**What the task requires**
Output the full listing below exactly; the images stay out.

**Dataset content**
--
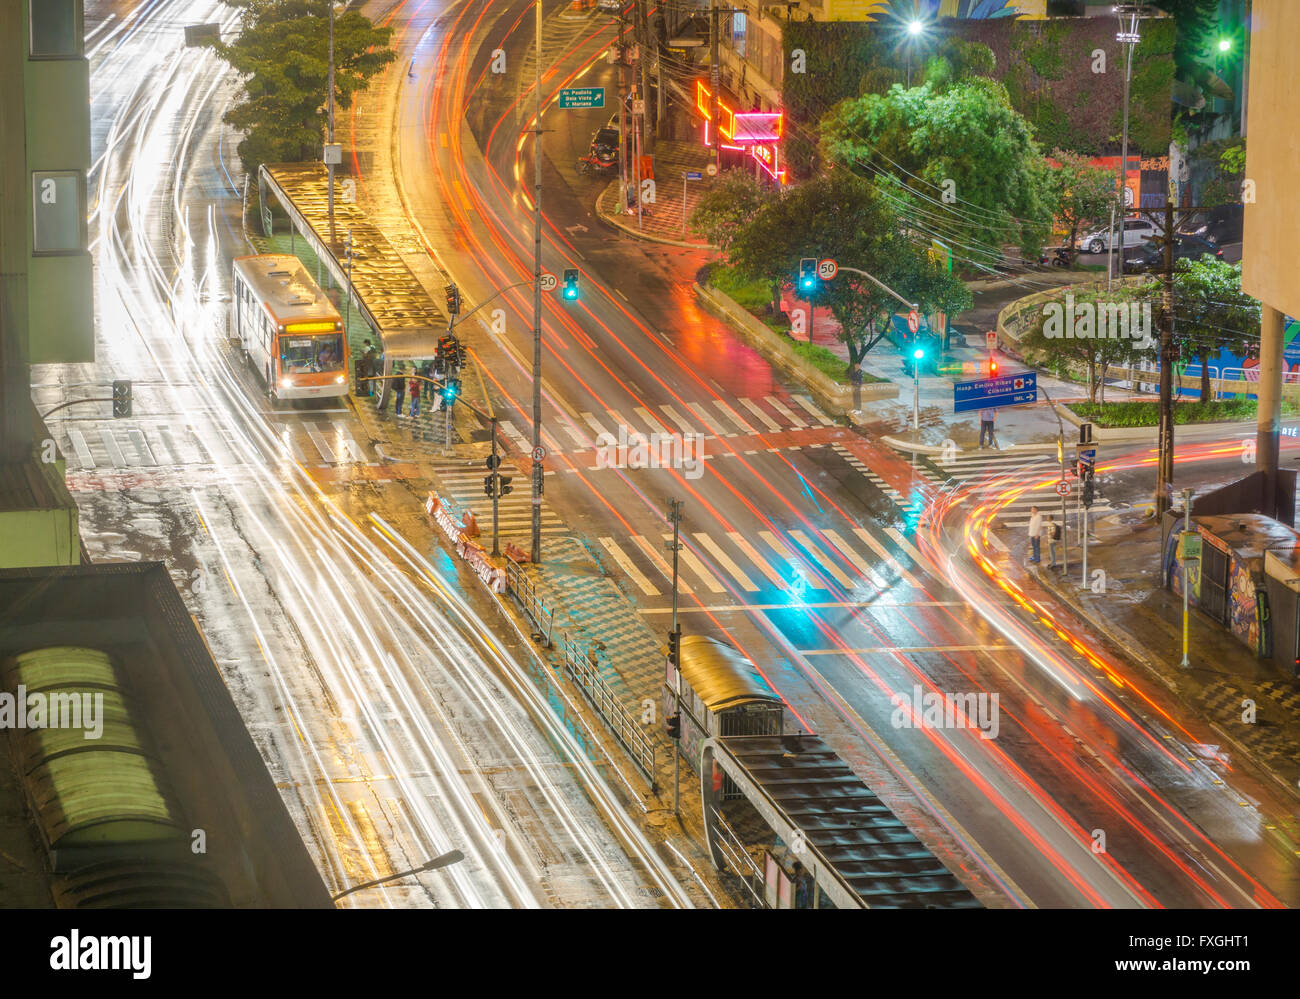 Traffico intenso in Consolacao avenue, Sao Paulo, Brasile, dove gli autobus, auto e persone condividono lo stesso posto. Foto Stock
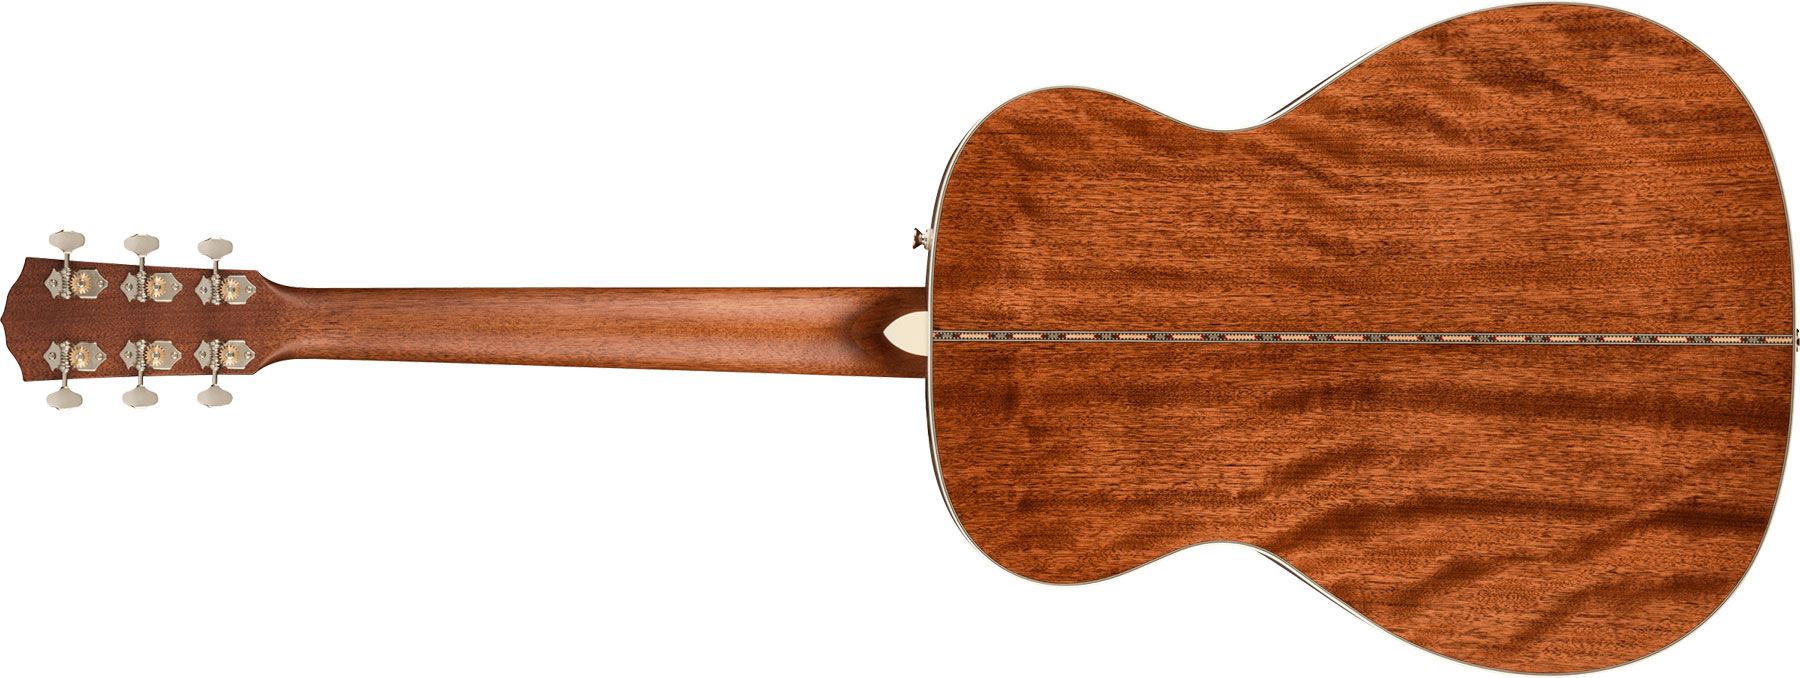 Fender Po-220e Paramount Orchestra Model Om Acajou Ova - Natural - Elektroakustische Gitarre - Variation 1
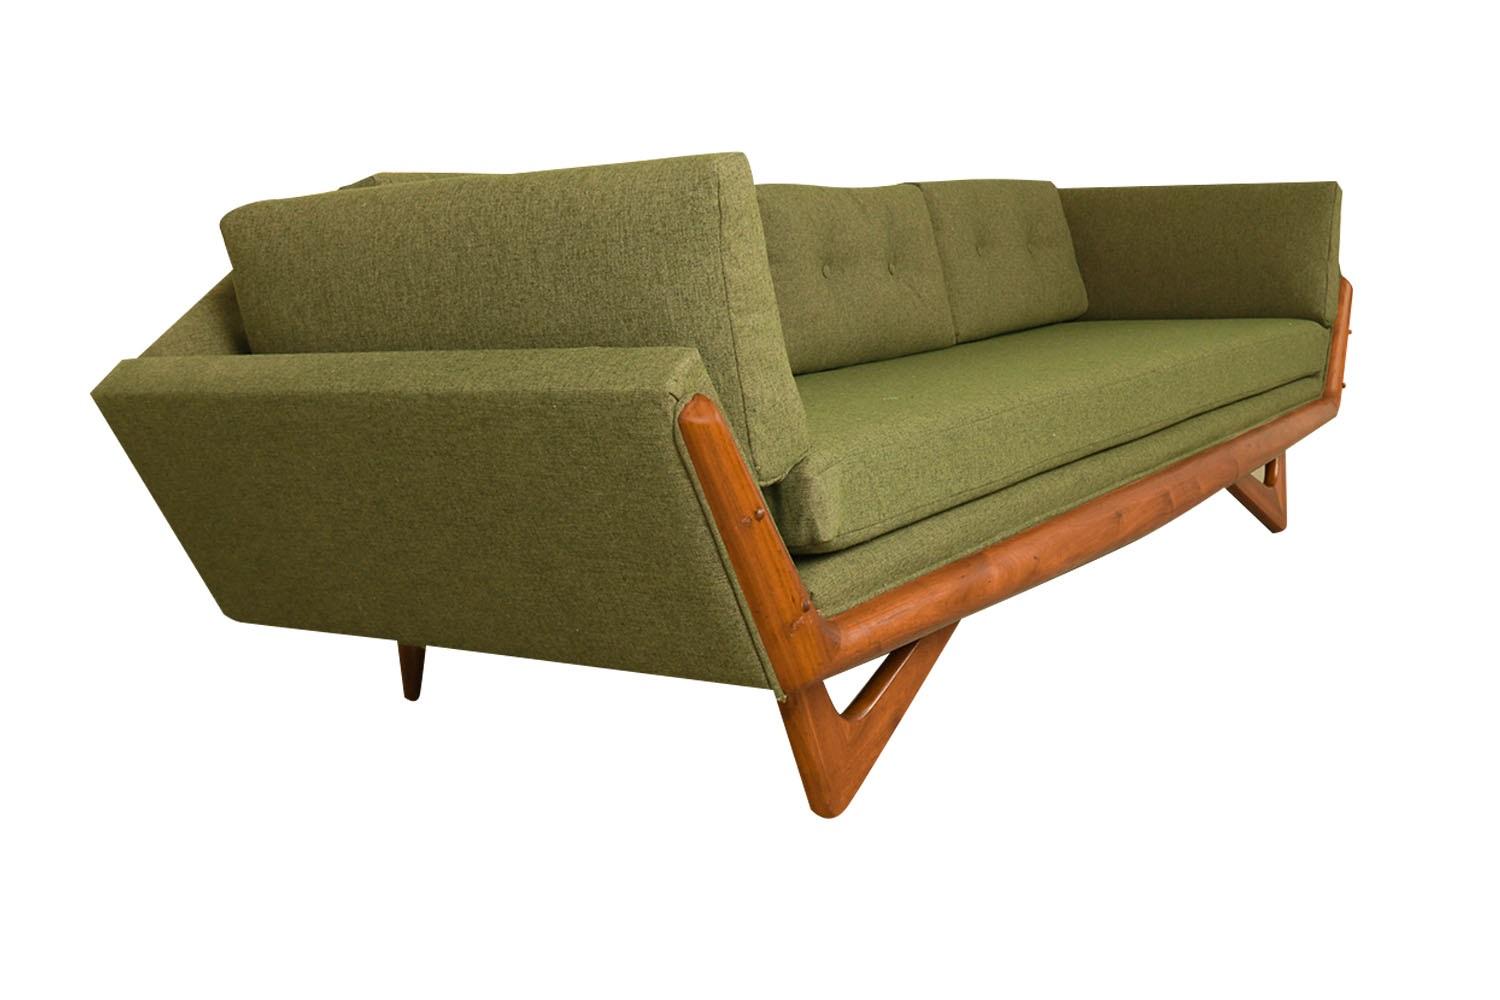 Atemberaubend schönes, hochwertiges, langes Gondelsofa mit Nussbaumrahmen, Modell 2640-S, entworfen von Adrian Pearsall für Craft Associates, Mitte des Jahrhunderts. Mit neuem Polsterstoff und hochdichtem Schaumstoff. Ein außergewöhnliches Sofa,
--
**Exercise output**
 Traffico intenso in Consolacao avenue, Sao Paulo, Brasile, dove gli autobus, auto e persone condividono lo stesso posto. Foto Stock
 Fender Po-220e Paramount Orchestra Model Om Acajou Ova - Natural - Elektroakustische Gitarre - Variation 1
 Atemberaubend schönes, hochwertiges, langes Gondelsofa mit Nussbaumrahmen, Modell 2640-S, entworfen von Adrian Pearsall für Craft Associates, Mitte des Jahrhunderts. Mit neuem Polsterstoff und hochdichtem Schaumstoff. Ein außergewöhnliches Sofa,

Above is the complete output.